I don't know how they do it, but they have imposed those rules and get away with it.
For that reason they will never again get my custom.
Gerry


----------



## BASA (Jul 2, 2009)

Thanks to Rapide561 and JohnCrossMotorhomes for the information supplied, a bit concerned as I checked with Swift via their web page and it doesn't mention Central Leisure Services on their list of approved agents for checks or warranty work or have they got it wrong?


----------



## CLS (Jul 25, 2005)

I can confirm I am fully approved by Swift to undertake servicing , repairs and certain warranty claims on all Swift group vans. Obviously a quick call to Swift customer care will confirm this.

Thanks Mark


----------



## airstream (Jan 7, 2009)

*CLS ask Fiat*

Hi,
Mark at CLS gives a great service at a realistic cost - highly recommended
What does it state in your Fiat owners booklet? -- 2007 version states 28k or 12 month low miles service - 2008 version only 28k no yearly or low miles requirement(same as all Euro supplied vans)
I have not seen the 2009/10 versions but other members on MHF have phoned FIat who confirmed no anual service requirement, service at 28k - but reccomend the van is inspected as required- whatever that means
You do whatever you are happy with - however if you use a none Fiat service centre you need a copy of the complete Fiat service schedule completed in full by the servicing garage confirming all items have been attended to and copy invoices for all the service components/oils etc as proof that the filters/oil etc used were genuine Fiat 
Failure to do this results in Fiat voiding the warranty -google Fiat warranty problems, results mainly from the "Fiat Forum" you will see what I mean
Good Luck
Ray


----------



## sirgraham (Apr 4, 2008)

Hi Cannock Resrayes they do both at the same time you can drop off and if booked in you can also ask for a courtesy car Redomend every time ask for Dave
Thanks
Sir Graham


----------



## BASA (Jul 2, 2009)

Thanks to Rapide561, used both *Guest Trucks and Central Leisure Services *as you recommended. Service from both parties were excellent. 
*Guest Trucks *can do servicing overnight, you just drop your vehicle off in the afternoon and pick it up next morning. 
Mark at *Central Leisure Services *was very helpful and informative.
Both services were not only convenient, being local, but also a cost effective saving, compared to the same services offered by *Brownhills*.
*Brownhills* confusing pricing structure for a first service on the vehicle, to cover for *warranty purposes*, ranges from £136 to £492 and you are always offered the *"Gold"* option when you enquire. *Guest Trucks *a Fiat Serving agent* £188 *as per Fiat 1st Service and warranty requirements.

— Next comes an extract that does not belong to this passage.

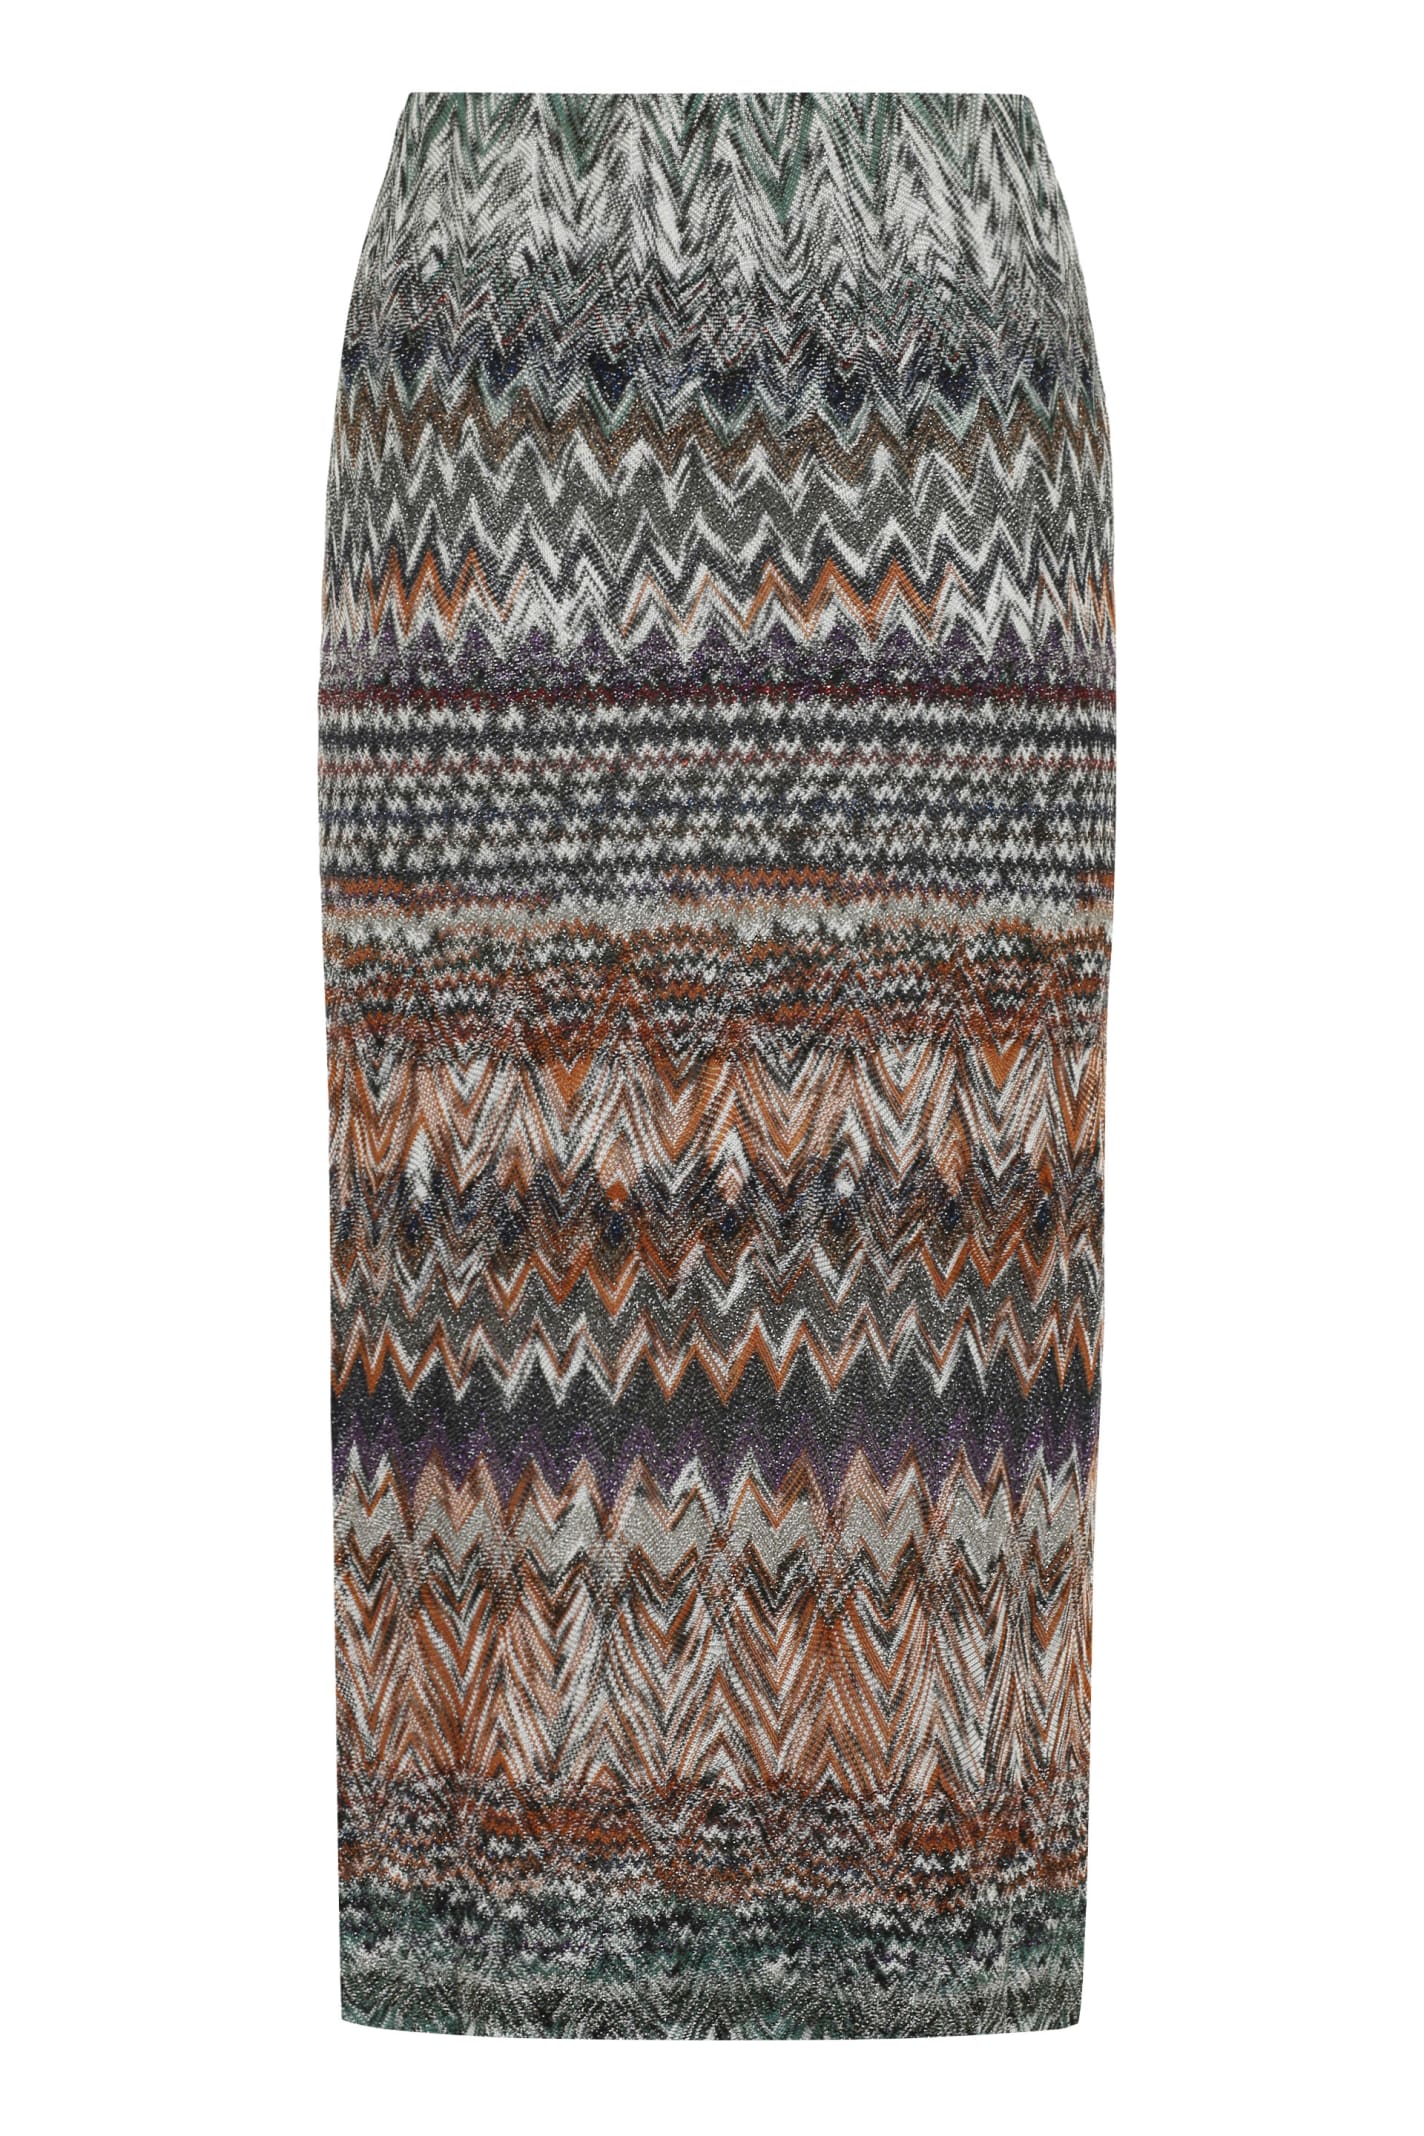 Missoni Chevron Motif Knitted Skirt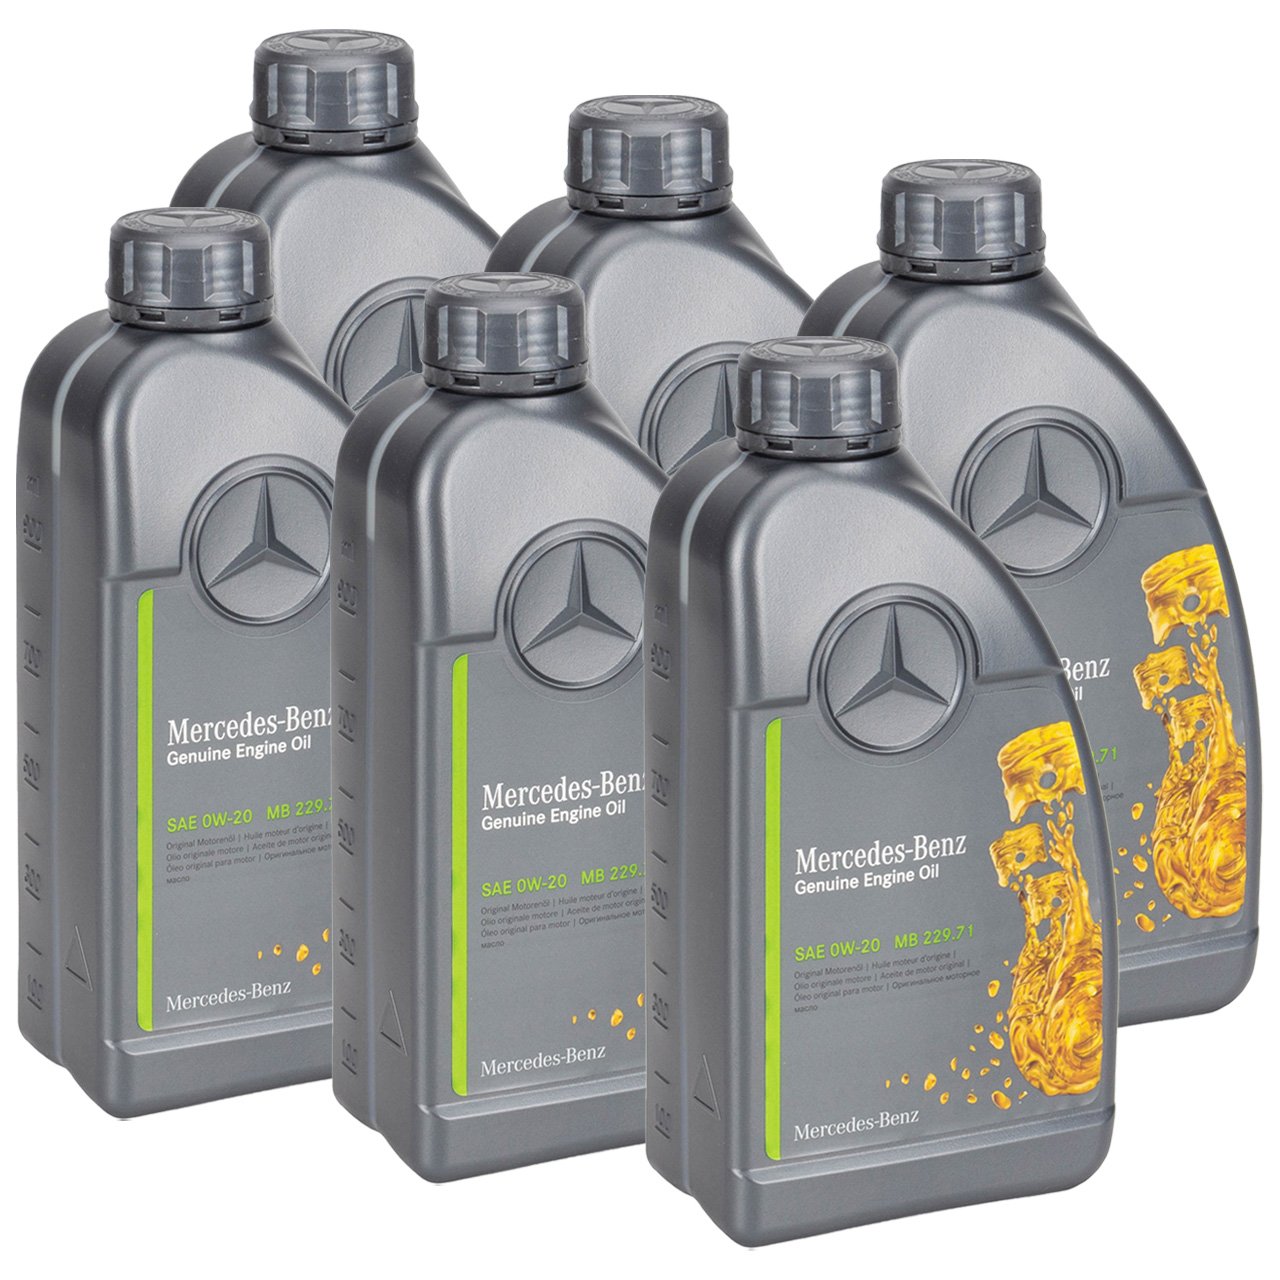 6L 6 Liter ORIGINAL Mercedes-Benz Motoröl Öl 0W-20 MB 229.71 000989870611

*Brownhills *for Habitation checks as per the the warranty requirements a price structure of £100 to £250 again always offered *"Gold" *@£250 as it covers the damptesting requirement. *Central Leisure Services *full testing and dampness as per Swift requirements, £90 and *he comes to you!*

Taking into consideration the fuel costs for a round trip of 120 miles to Brownhills and their complicated and costly pricing structure, I think I have saved myself a lot of money


----------